Architects: Louis Warren Ross
Leach House is an approximately 33,000 square foot residential building on the Amherst campus of the University of Massachusetts. The building is one of ten structures that comprise the Northeast Residential Area of the University of Massachusetts Amherst. These ten buildings were uniformly designed in neo-Georgian style between 1935 and 1959, and laid out in a bilaterally symmetrical site plan surrounding an open grassed area that is known as the Quad (quadrangle). Originally designed as dormitories, the group includes Knowlton House, Hamlin House, Crabtree House, Leach House, Lyon House, Dwight House, Thatcher House, Lewis House, Arnold House and Johnson House. All continue to serve as dormitories in 2008, except for Arnold House, which was converted into offices in 1966.

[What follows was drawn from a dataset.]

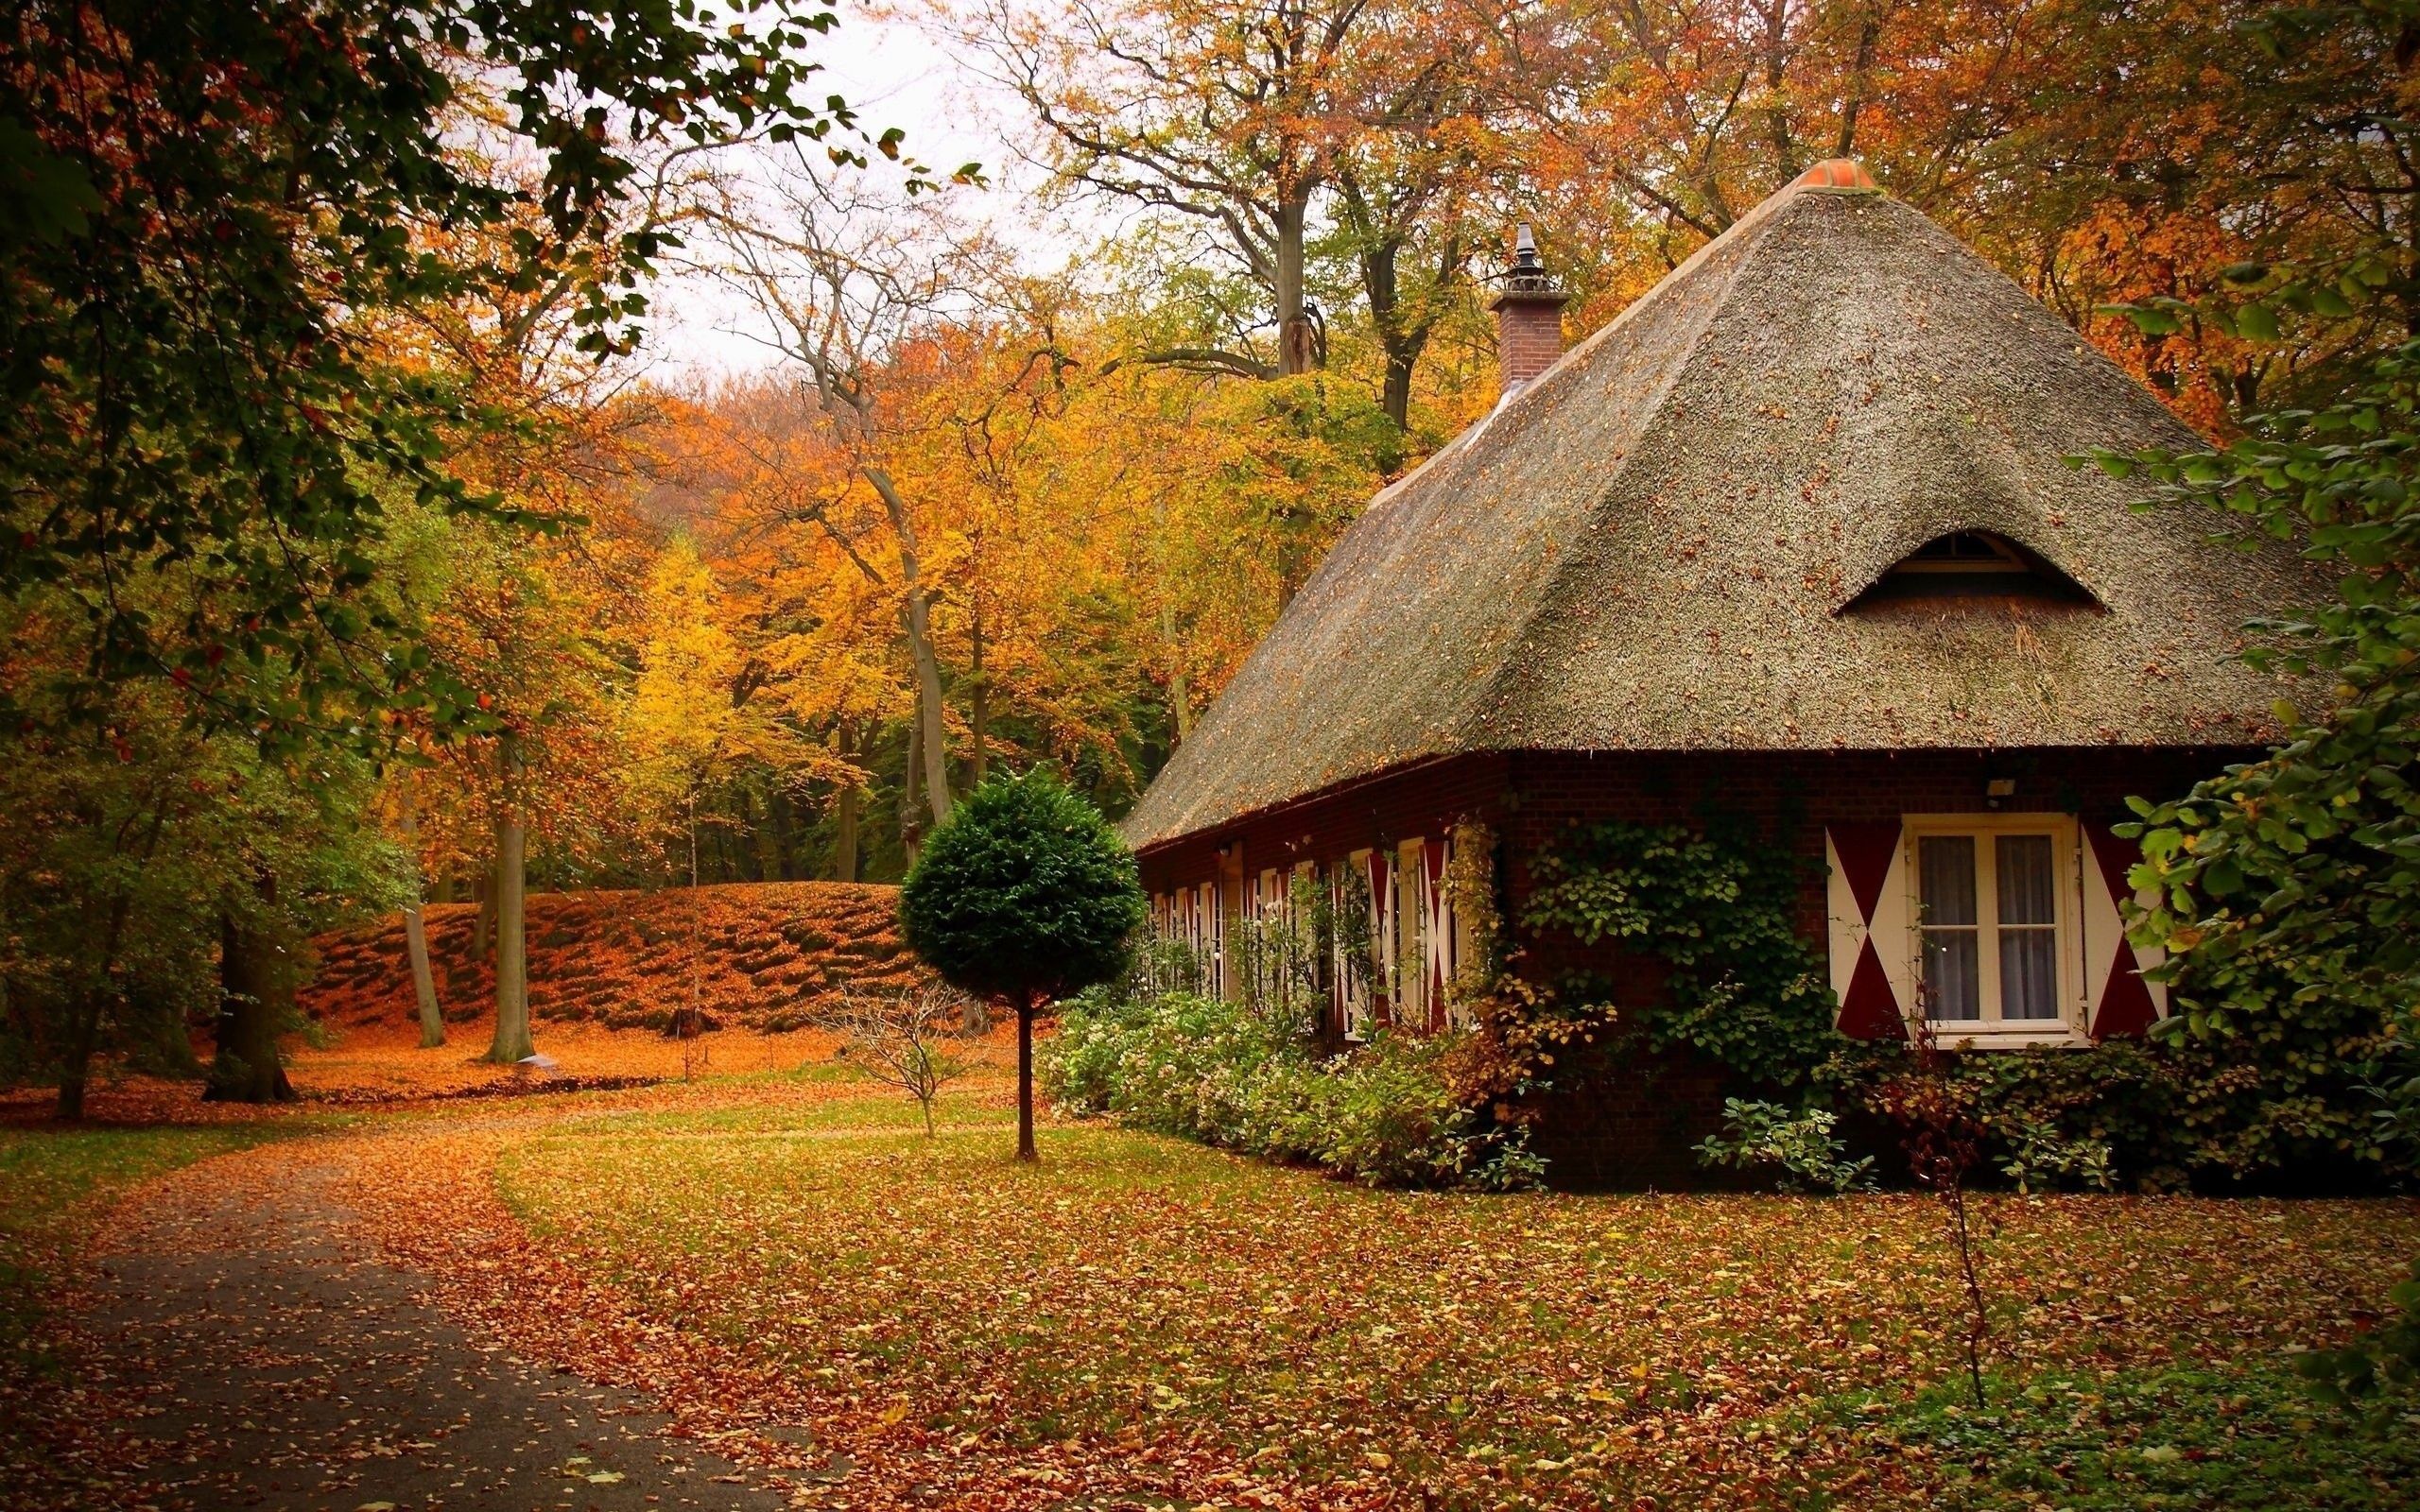 Country House in Autumn wallpaper. Country House in Autumn

The main planning axis of the Northeast Residential Area runs northeast-southwest, in a straight line between the central doors of Lewis House and Arnold House. This axis is the center line of the quadrangle’s bilateral symmetry, meaning that the building footprints and appearance of Hamlin, Leach, Dwight and Johnson Houses, located on the north side of the axis, are mirrored by the building footprints and appearance of Knowlton, Crabtree, Lyon and Thatcher Houses on the south side of the axis. The spatial relationship of Lewis House and Arnold House as the anchors of the planning axis is visually reinforced by the cupolas that top these two buildings.
In 1953 Crabtree House and Leach House were added, forming the beginnings of the north and south sides of the complex. Later buildings completed the east and west sides of the complex consistent with the existing spatial organization. In 1954, Arnold House completed the western edge of the area. A 1959 campus plan shows the complex complete, with a large parking area to the east of Arnold House in place. A 1969 oblique aerial photograph confirms the location of the parking area. A sand volleyball court has been added to the area to the east of the parking area. Although a new addition, the volleyball court does not impact the open character of the space, which is defined by a strong east-west axis of open lawn. Historic photographs do not show vegetation associated with Crabtree House or Leach House. All vegetation at the houses, consisting primarily of trees over lawn and shrubs at the buildings’ foundations, are new additions from the time the buildings were constructed.
The L-shaped building is 4-stories with a basement level accessible to grade at the rear (west) elevation. The north wing is 7 bays wide by 3 bays deep with a gable roof. The south wing is 8 wings wide by 3 bays deep and also has a gable roof that forms a hip at the building’s northeast corner. The main building entrance occurs at the 3 central bays of the south wing’s east elevation. These bays project from the façade and are distinguished by a cross gable. This elevation also includes a raised terrace and a 2-story wing with flat roof that serves as an accessible terrace. The terrace is bounded by a wrought-iron railing.
The common-bond brick pattern is used throughout all elevations. A molded-brick water table defines the basement level and a brick beltcourse occurs at the second floor level. All windows are wood, as well as the cornice defining the roofline and the gable peaks. The façade includes a window pattern of primarily double-hung sash. The exposed basement through third floor levels of the building have 8/12 double-hung sash. The fourth floor has 8/8 sash. At the attic level, the gable ends are framed as pediments and contain demilunes openings which were originally windows though some have been replaced by aluminum grilles. The openings are framed with brick arches and keys. Original copper flashing at the eaves and copper downspouts with collector heads have been lost. The main building entrance features a wood doorcase with Ionic columns and entablature. The double wood doors have divided lights and a fixed transom. Above the entablature, the second floor bay has a pedimented window case.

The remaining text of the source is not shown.